Lors d’une réunion virtuelle brève qui s’est tenue dimanche, les huit principaux membres de l’OPEP+ ont décidé de maintenir leurs objectifs de production pour les mois de janvier, février et mars. Cette décision confirme une orientation adoptée en novembre dernier, lorsque le groupe avait opté pour une suspension temporaire des augmentations de production durant le trimestre, en raison d’une demande saisonnièrement plus faible pendant l’hiver dans l’hémisphère nord.
Les pays concernés incluent l’Arabie saoudite, la Russie, les Émirats arabes unis, le Kazakhstan, le Koweït, l’Irak, l’Algérie et Oman. Ensemble, ils représentent plus de la moitié de la production mondiale de pétrole. En 2025, ces huit producteurs avaient augmenté leurs objectifs de production d’environ 2,9 millions de barils par jour, soit près de 3 % de la demande mondiale, dans le cadre d’une stratégie visant à regagner des parts de marché après plusieurs années de réductions volontaires destinées à soutenir les prix. D’après Reuters, aucun nouvel ajustement n’a été abordé lors de la première réunion de l’année.
Cette décision de maintenir la stabilité à court terme intervient alors que le marché pétrolier émerge d’une année difficile. En 2025, les prix du brut ont chuté de plus de 18 pour cent, enregistrant leur plus forte baisse annuelle depuis 2020. Ce déclin s’explique en grande partie par des préoccupations persistantes concernant la surabondance de l’offre.
La prudence affichée par l’OPEP+ prend une dimension particulière au regard du contexte géopolitique actuel, marqué par des tensions continues entre l’Arabie saoudite et les Émirats arabes unis autour du conflit au Yémen, ainsi que par les incertitudes concernant l’avenir du Venezuela, pays qui possède les plus importantes réserves pétrolières prouvées au monde.
Alors que les interrogations concernant les perspectives de la production pétrolière pour l’année à venir se multiplient, l’Agence internationale de l’énergie a fourni quelques éléments d’analyse dans un rapport publié en octobre dernier.
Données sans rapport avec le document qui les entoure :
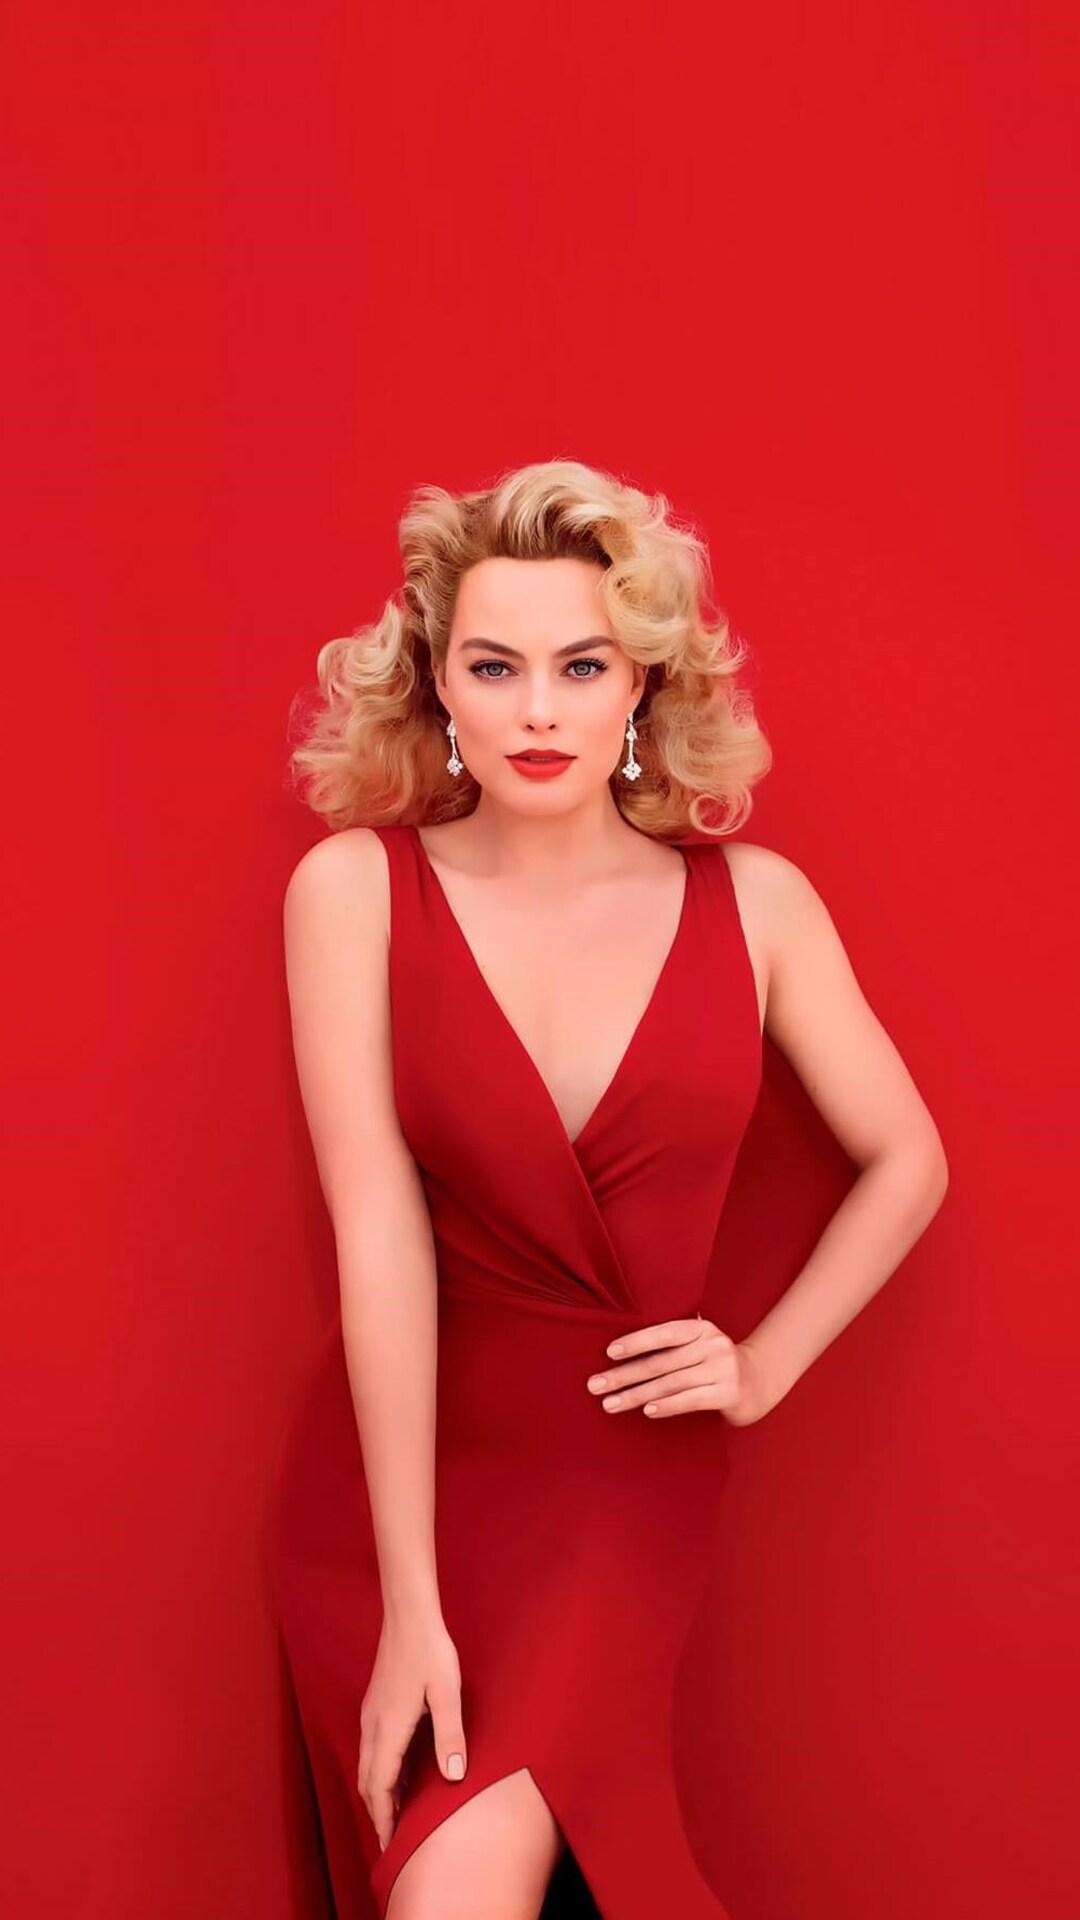 margot-robbie-in-red-dress-img.jpg

Elle a notamment précisé que l’avenir du marché dépendra de la réintroduction progressive sur le marché de volumes précédemment retirés par l’OPEP+, en parallèle avec l’augmentation de l’offre en dehors du cartel, particulièrement aux États-Unis, au Brésil, au Canada, au Guyana et en Argentine.
Dans une mise à jour diffusée en décembre, l’organisation prévoit pour 2026 un surplus d’environ 3,8 millions de barils par jour, légèrement inférieur à ses estimations antérieures. Cette révision est due à des perspectives d’offre ajustées à la baisse, notamment en raison des sanctions imposées à la Russie et au Venezuela, ainsi qu’à une croissance de la demande qui s’avère légèrement plus soutenue que prévu.